» **Raw data**

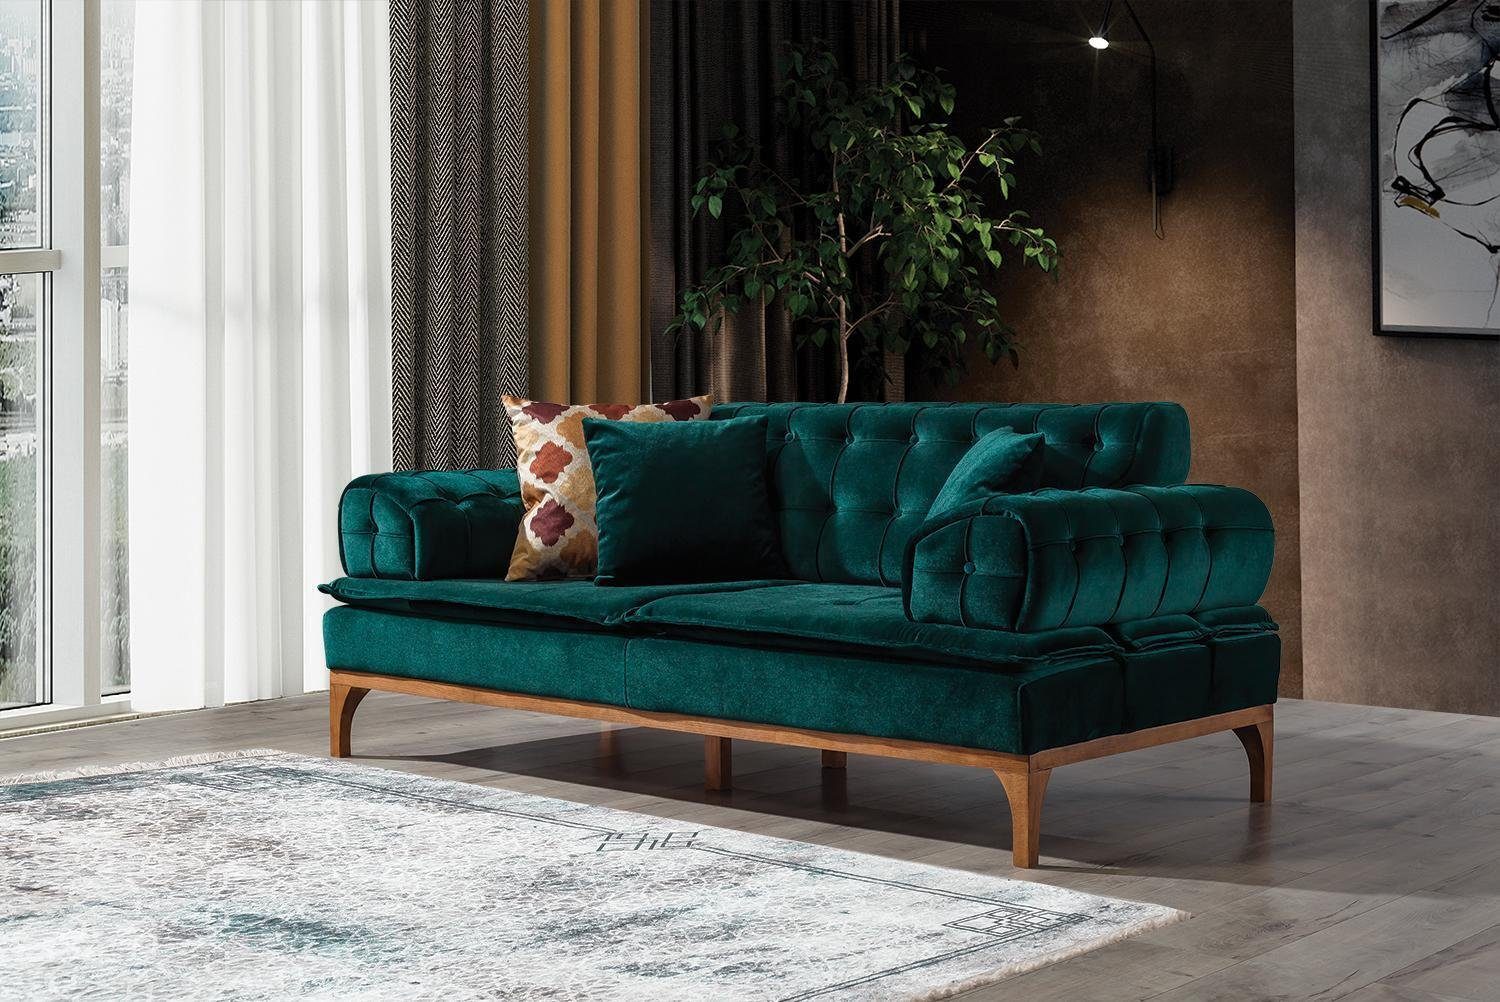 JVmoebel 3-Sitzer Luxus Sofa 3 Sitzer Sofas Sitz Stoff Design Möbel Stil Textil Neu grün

--

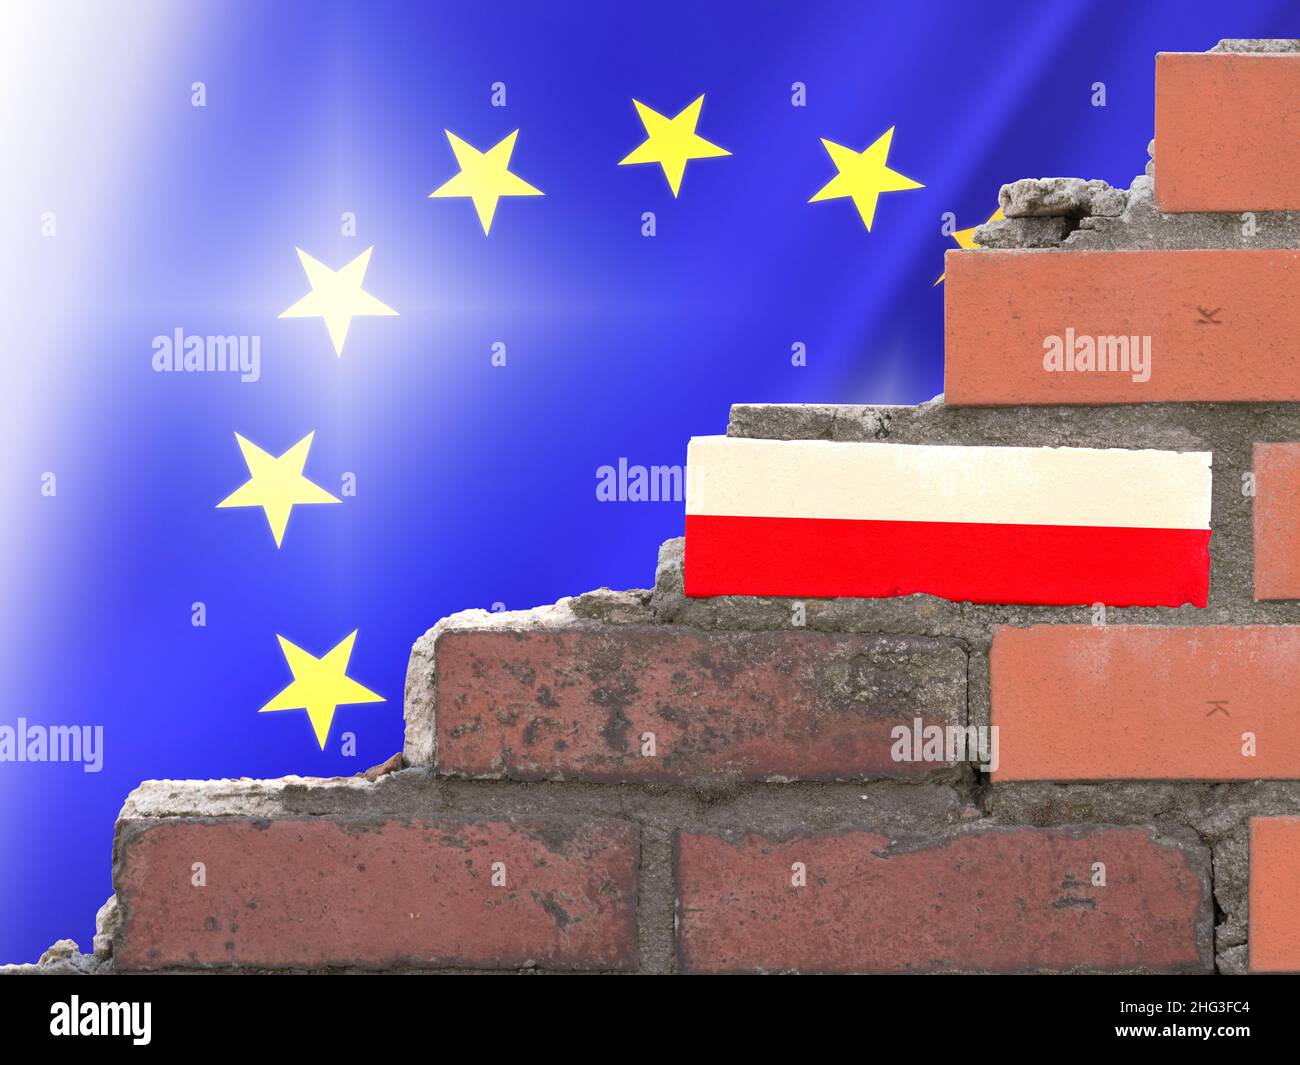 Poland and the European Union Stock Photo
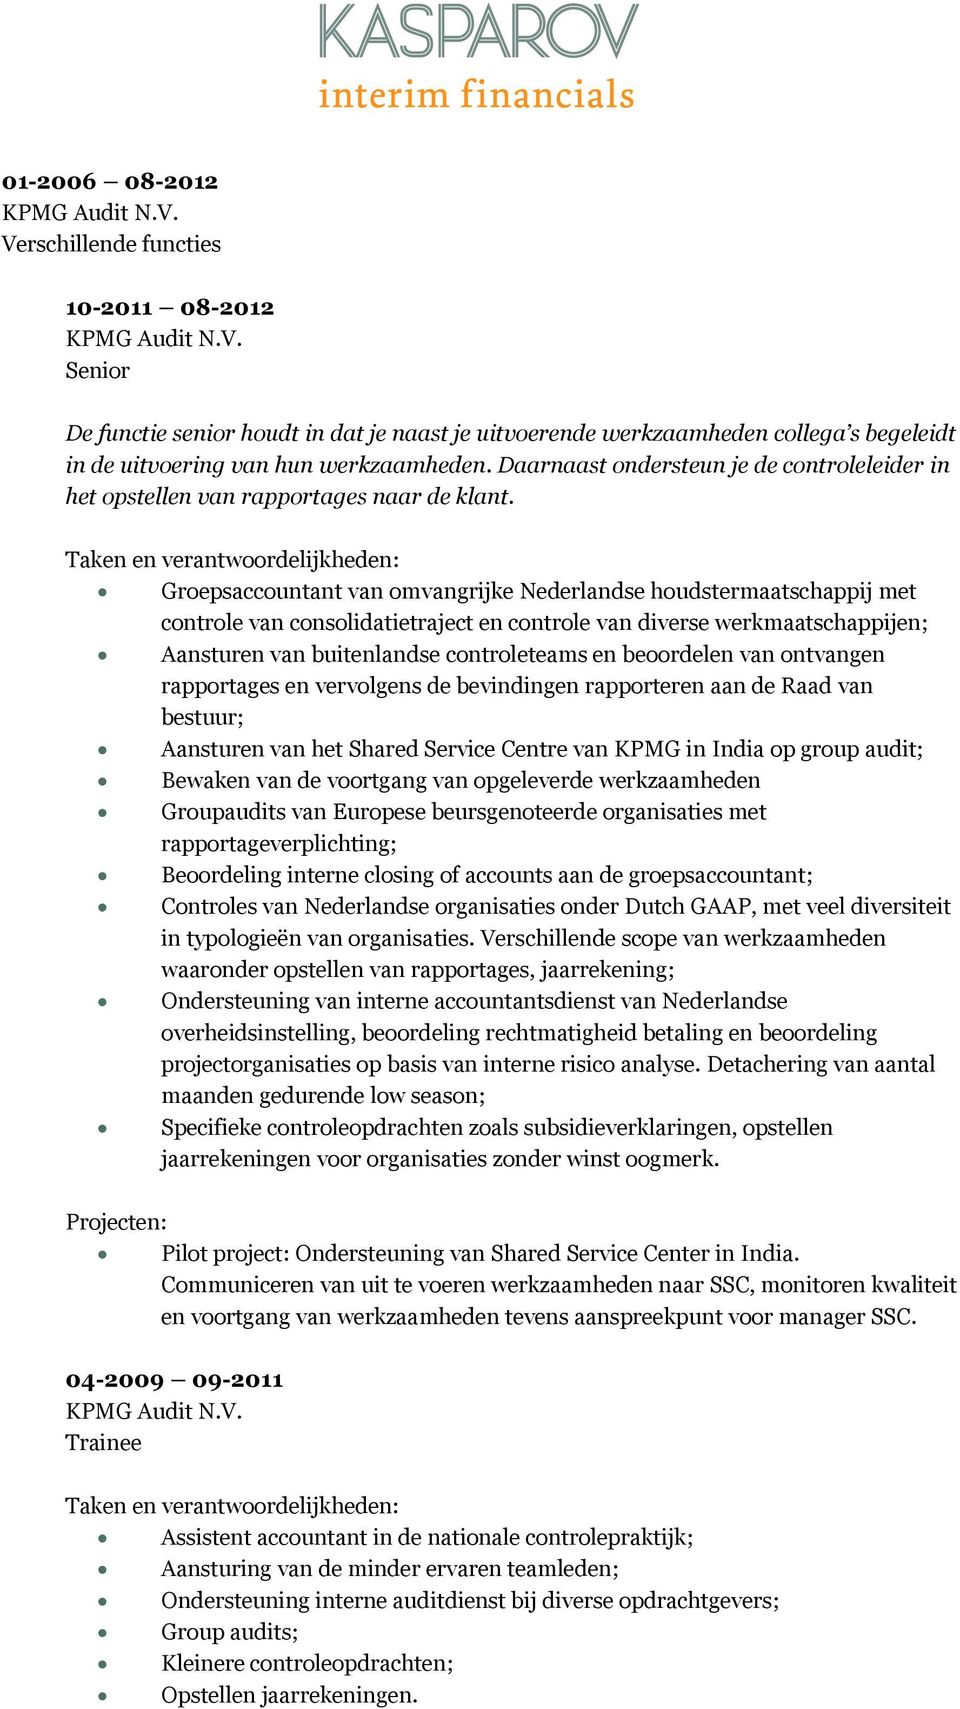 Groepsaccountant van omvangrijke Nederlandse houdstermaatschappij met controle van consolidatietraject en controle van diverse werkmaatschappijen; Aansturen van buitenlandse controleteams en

...

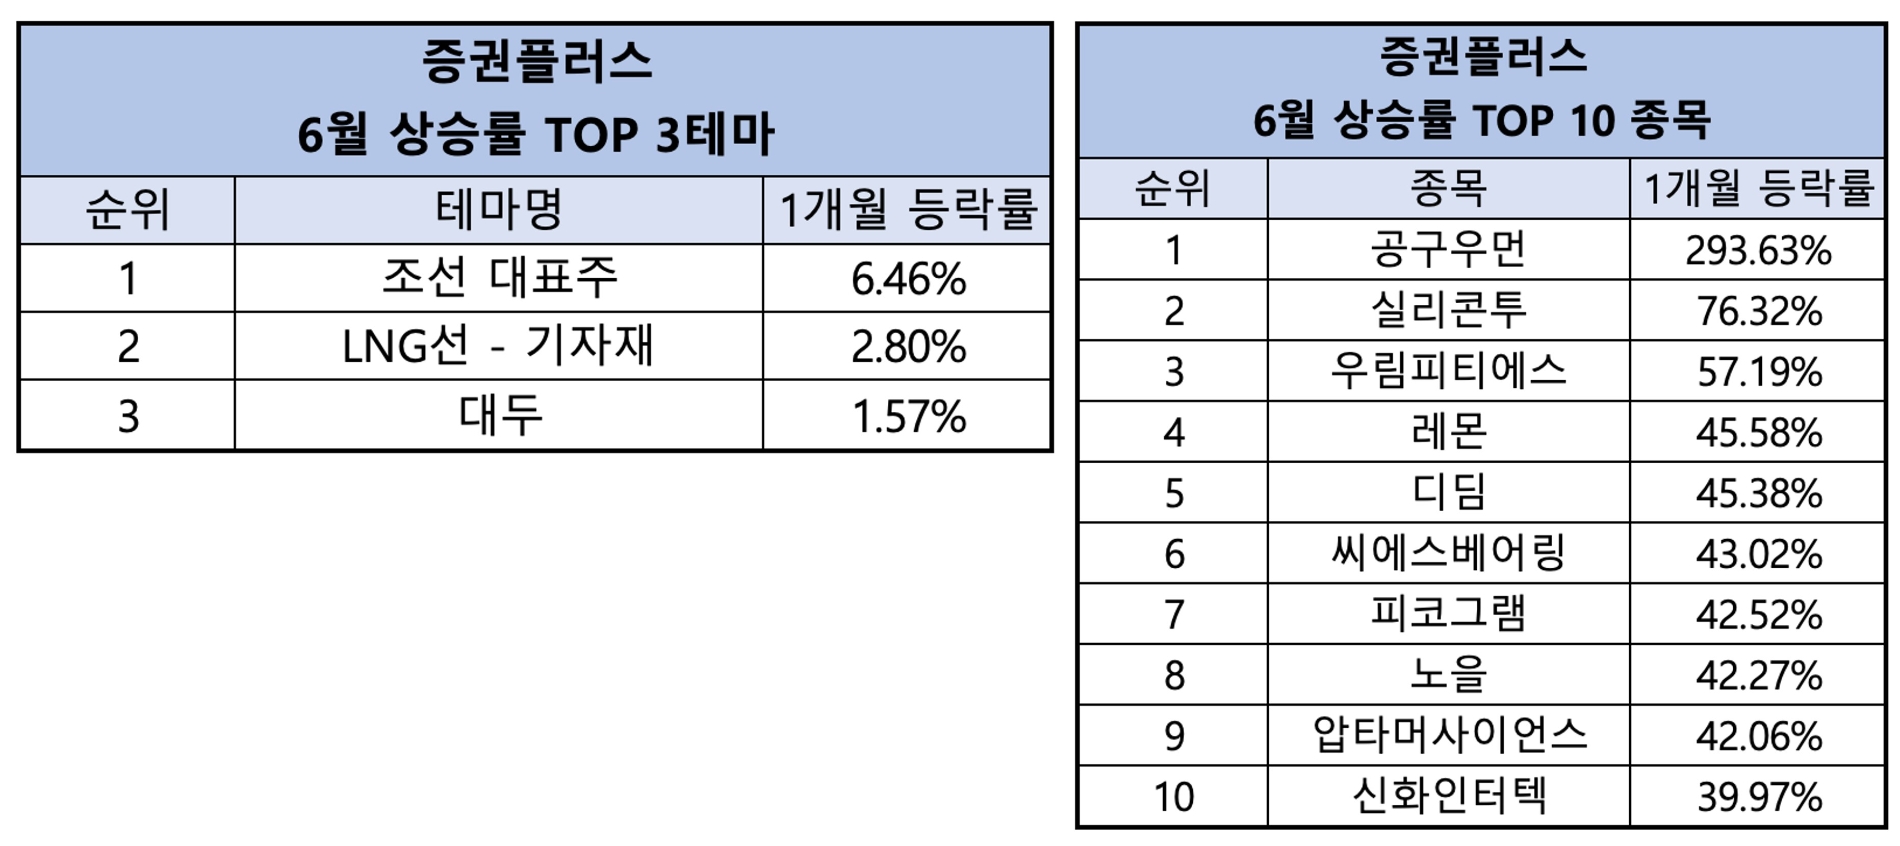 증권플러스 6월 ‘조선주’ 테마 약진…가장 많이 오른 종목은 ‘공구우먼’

» **Work to be completed**
The expected output is the lines above from the one containing "Poland and the European Union Stock Photo" to the one containing "Groepsaccountant van omvangrijke", both ends included, reproduced exactly with every picture left out.

» **Output**
 Poland and the European Union Stock Photo
 Groepsaccountant van omvangrijke Nederlandse houdstermaatschappij met controle van consolidatietraject en controle van diverse werkmaatschappijen; Aansturen van buitenlandse controleteams en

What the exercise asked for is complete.